Robert McQueen and Daniel Drake came up with a neat solution: map the file’s contents directly, using device mapper. Daniel wrote a little tool, ntfsextents, which uses the ntfs-3g library to find the position and size (in bytes) within the partition of each chunk of the Endless OS image file. ((See debian/patches/endless*.patch in our ntfs-3g source package.)) We feed these to dm-setup to create a block device corresponding to the Endless OS image, and then boot from that – bypassing NTFS entirely! There’s no more overhead than an LVM root filesystem.

This is safe provided that you disallow concurrent modification of the image file via NTFS (which we do), and provided that you get the mapping right. If you’ve ensured that the image file is not encrypted, compressed, or sparse, and if ntfsextents is bug-free, then what could go wrong?
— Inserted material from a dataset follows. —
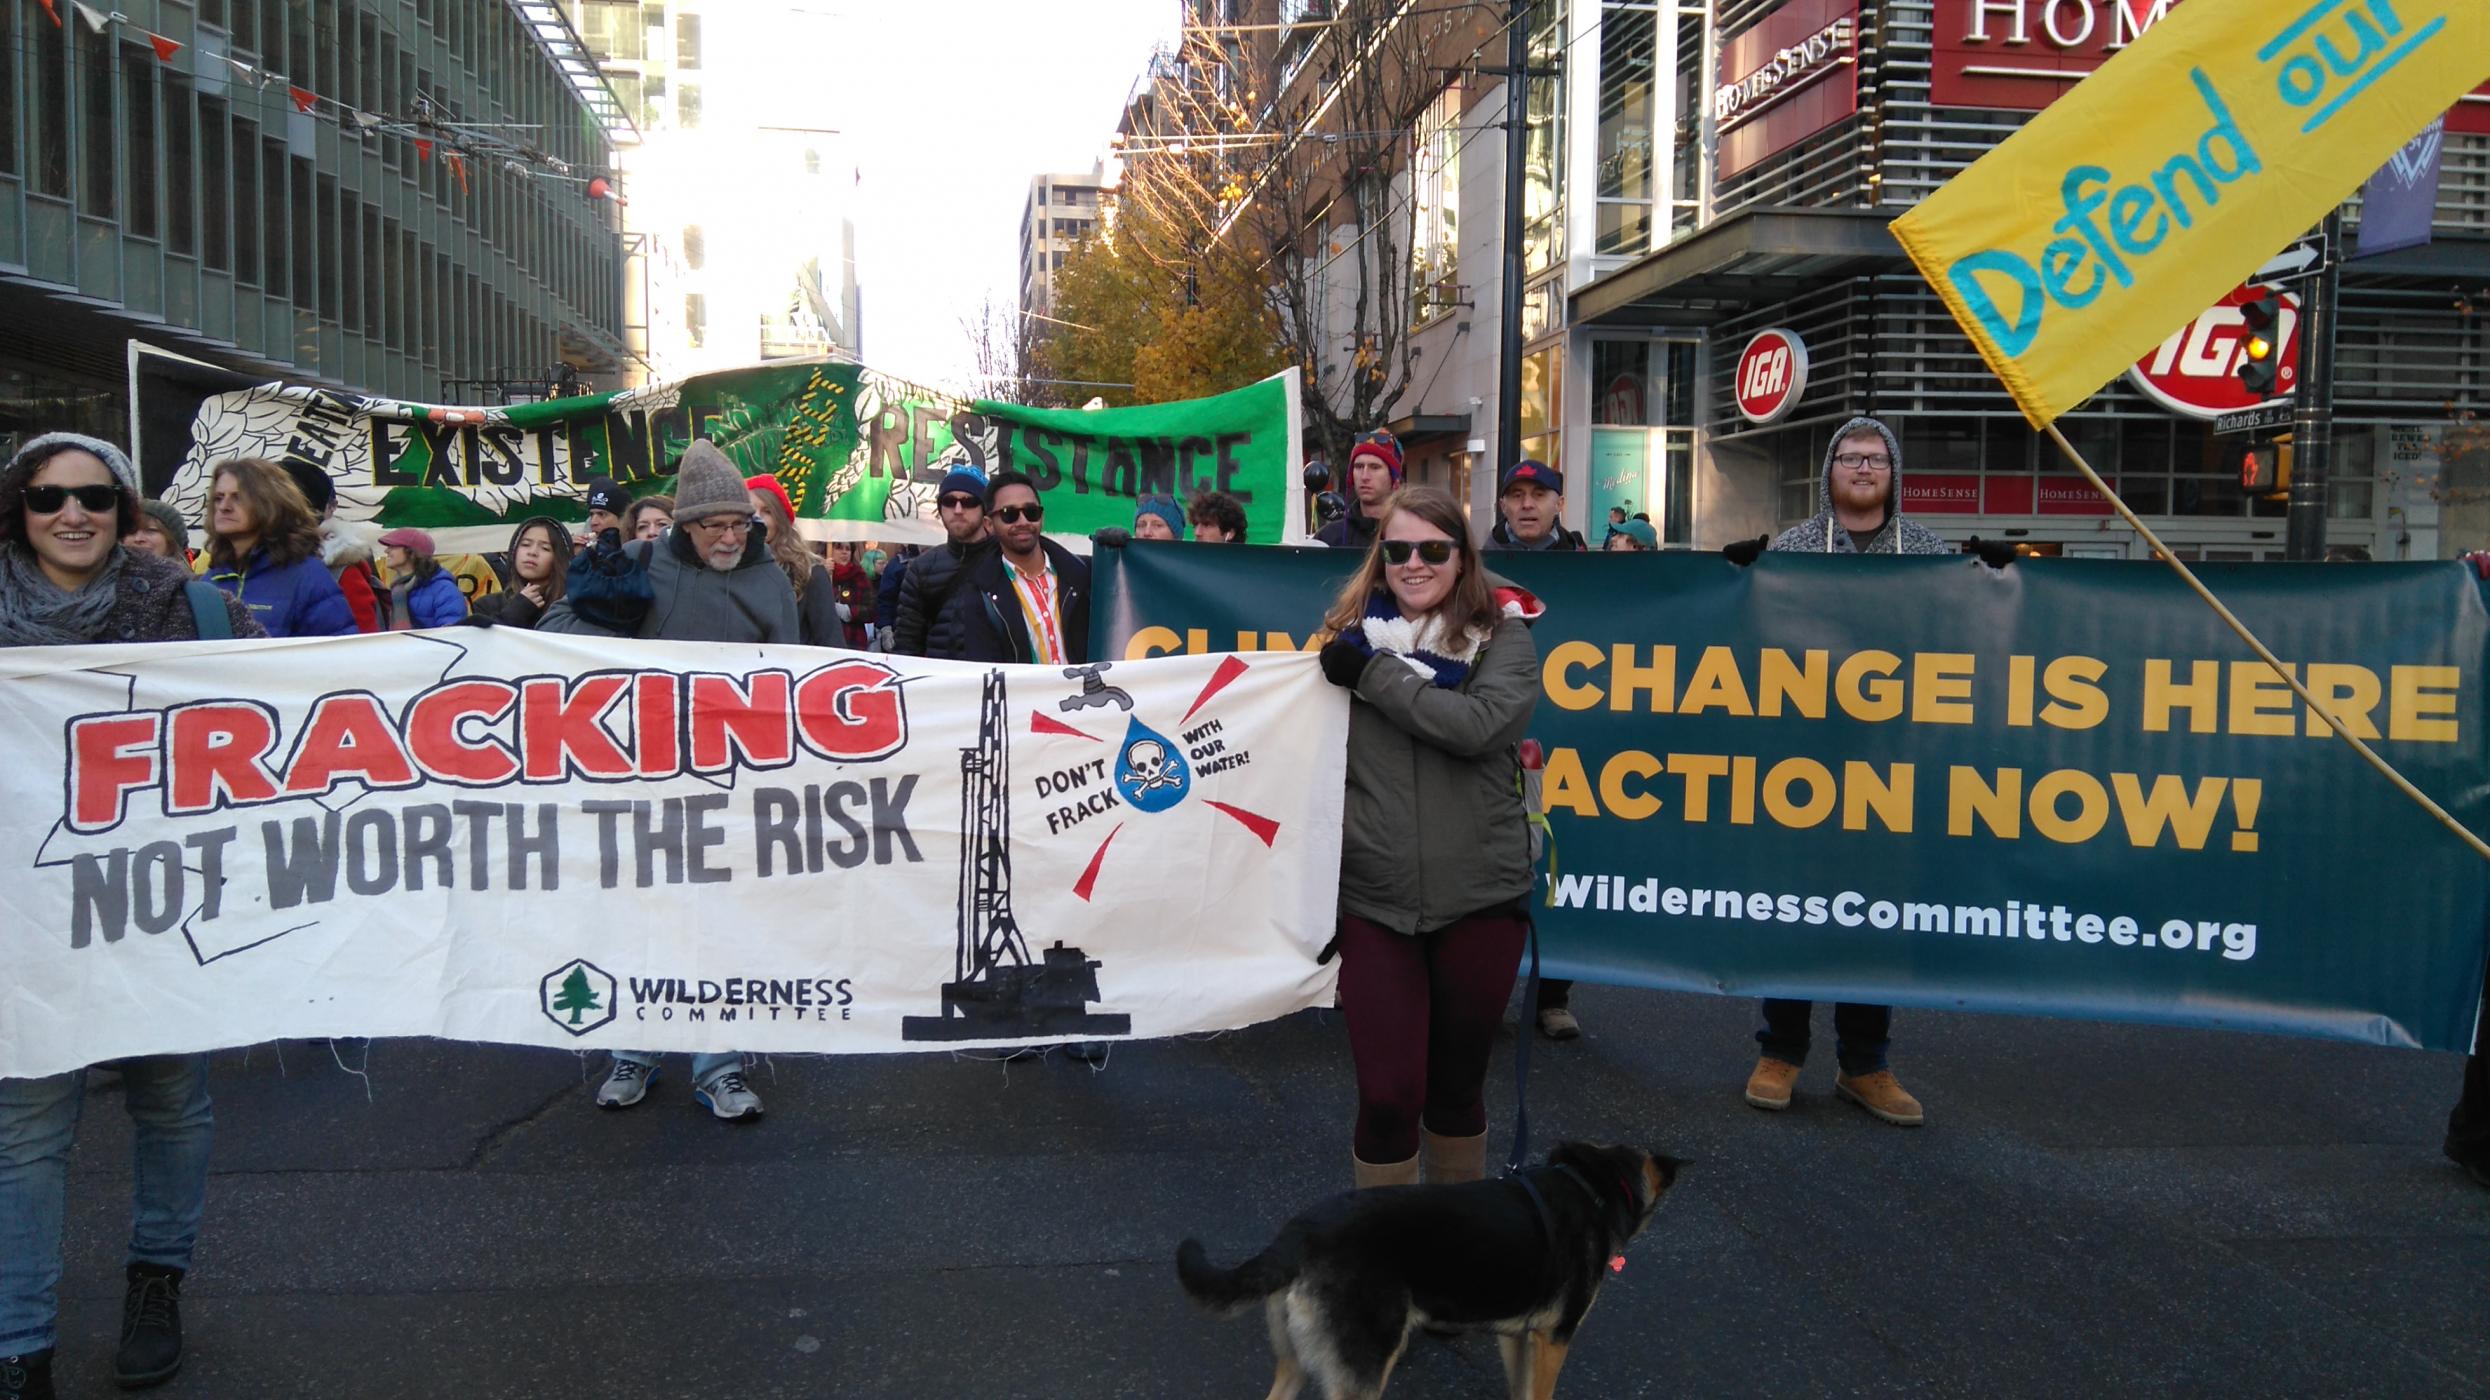 People hold banners that say "Fracking not worth the risk" and "Climate change is here, take action now!" during a march

Unfortunately, we saw some weird problems as people started to use this installation method. At first, everything would work fine, but after a few days the OS image would suddenly stop booting. For some reason, this always seemed to happen in the second half of the week. We inspected some affected image files and found that, rather than ending in the secondary GPT header as you’d expect, they ended in zeros. Huh?
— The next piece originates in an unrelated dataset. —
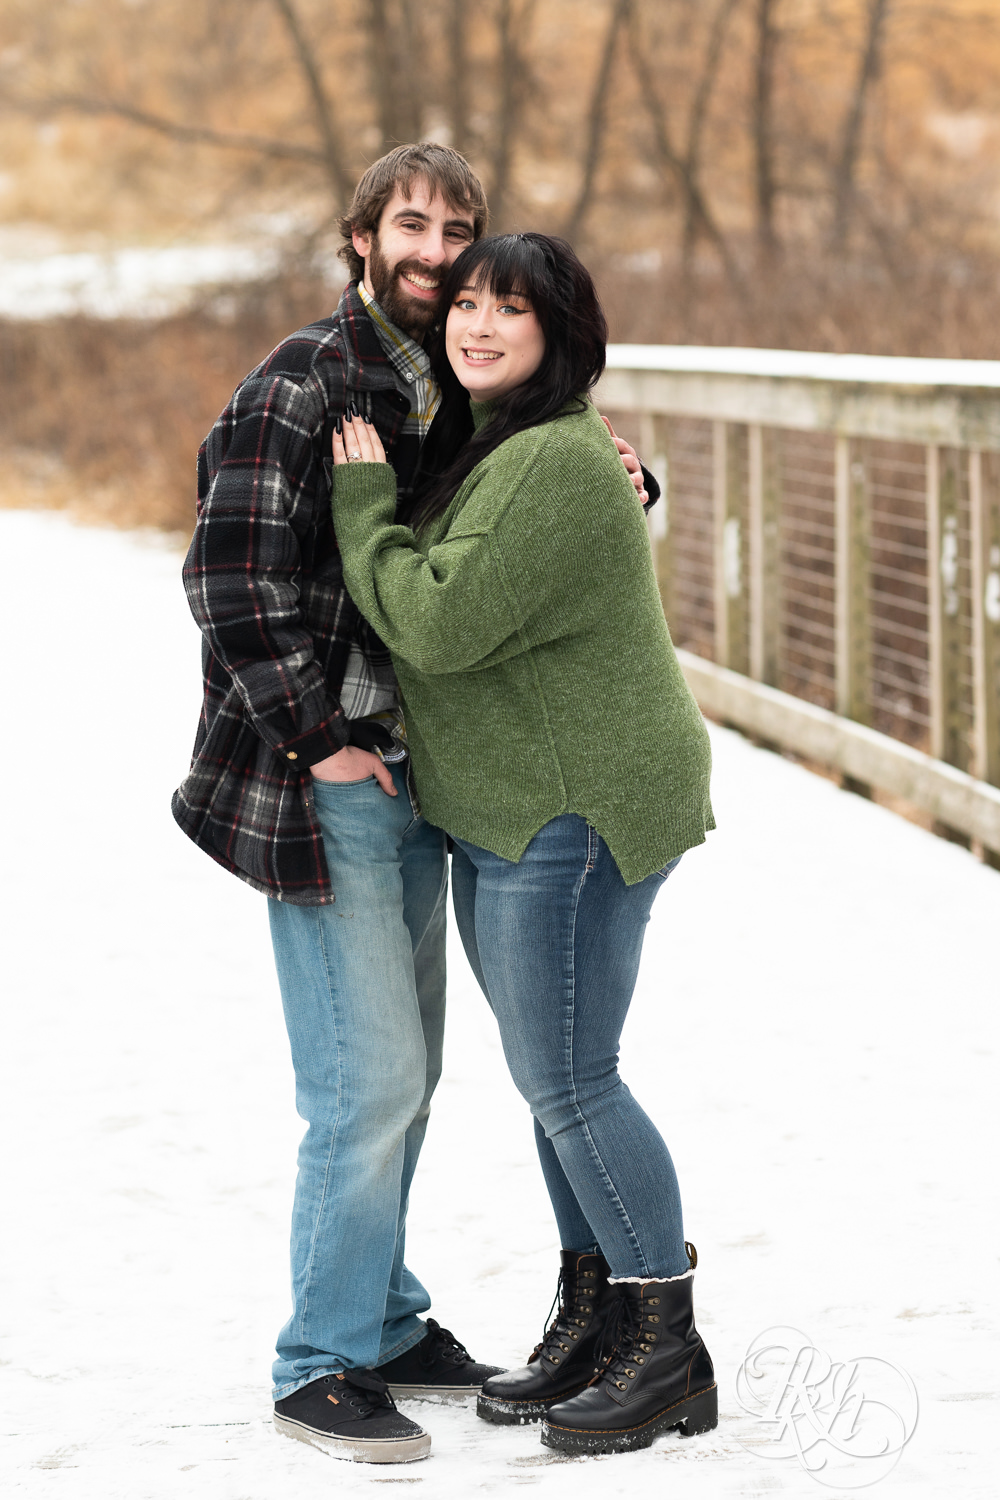 Man in flannel and woman in green sweater and jeans smile on snowy bridge at Lebanon Hills in Eagan, Minnesota.

We were calling SetEndOfFile to extend the image file. It’s documented to “[set] the physical file size for the specified file”, and “if the file is extended, the contents of the file between the old end of the file and the new end of the file are not defined”. For our purposes this seems totally fine: the extended portion will be used as extra free space by Endless OS, so its contents don’t matter, but we need it to be fully physically allocated so we can use the extra space. But we missed an important detail! NTFS maintains two lengths for each file: the allocation size (“the size of the space that is allocated for a file on a disk”), and the valid data length (“the length of the data in a file that is actually written”). ((I gather many other filesystems do the same.)) SetEndOfFile only updates the former, not the latter. When using an NTFS driver, reads past the valid data length return zero, rather than leaking whatever happens to be on the disk. When you write past the valid data length, the NTFS driver initializes the intervening bytes to zero as needed. We’re not using an NTFS driver, so were happily writing into this twilight zone of allocated-but-uninitialized bytes without updating the valid data length; but when the file is defragmented, the physical contents past the valid data length are not copied to their new home on the disk (what would be the point? it’s just uninitialized data, right?). So defragmenting the file would corrupt the Endless OS image.

One could fix this in our installer in two ways: write a byte at the end of the file (forcing the NTFS driver to write tens of gigabytes of zeros to initialize the file), or use SetFileValidData to mark the unused space as valid without actually initializing it. We chose the latter: installing a new OS is already a privileged operation, and the permissions on the Endless OS image file are set to deny read access to mere mortals, so it’s safe to avoid the cost of writing ten billion zeros. ((A note on the plural of “zero”: I conducted a poll on Twitter but chose to disregard the result when it was pointed out that MATLAB and NumPy both spell it without an “e”. See? No need to blindly implement the result of a non-binding referendum!))

We weren’t quite home and dry yet, though: some users were still seeing their Endless OS image file corrupting itself after a few days. Having been burned once, we guessed this might be the defragmenter at work again. It turned out to be a quirk of how chunks of a file which happen to be adjacent can be represented, which we were not handling correctly in ntfsextents, leading us to map parts of the file more than once, like a glitchy tape loop. (We got lucky here: at least all the bytes we mapped really were part of the image file. Imagine if we’d mapped some arbitrary other part of the Windows system drive and happily scribbled over it…)

(Oh, why did these problems surface in the second half of any given week? By default, Windows defragments the system drive at 1am every Wednesday, or as soon as possible after that.)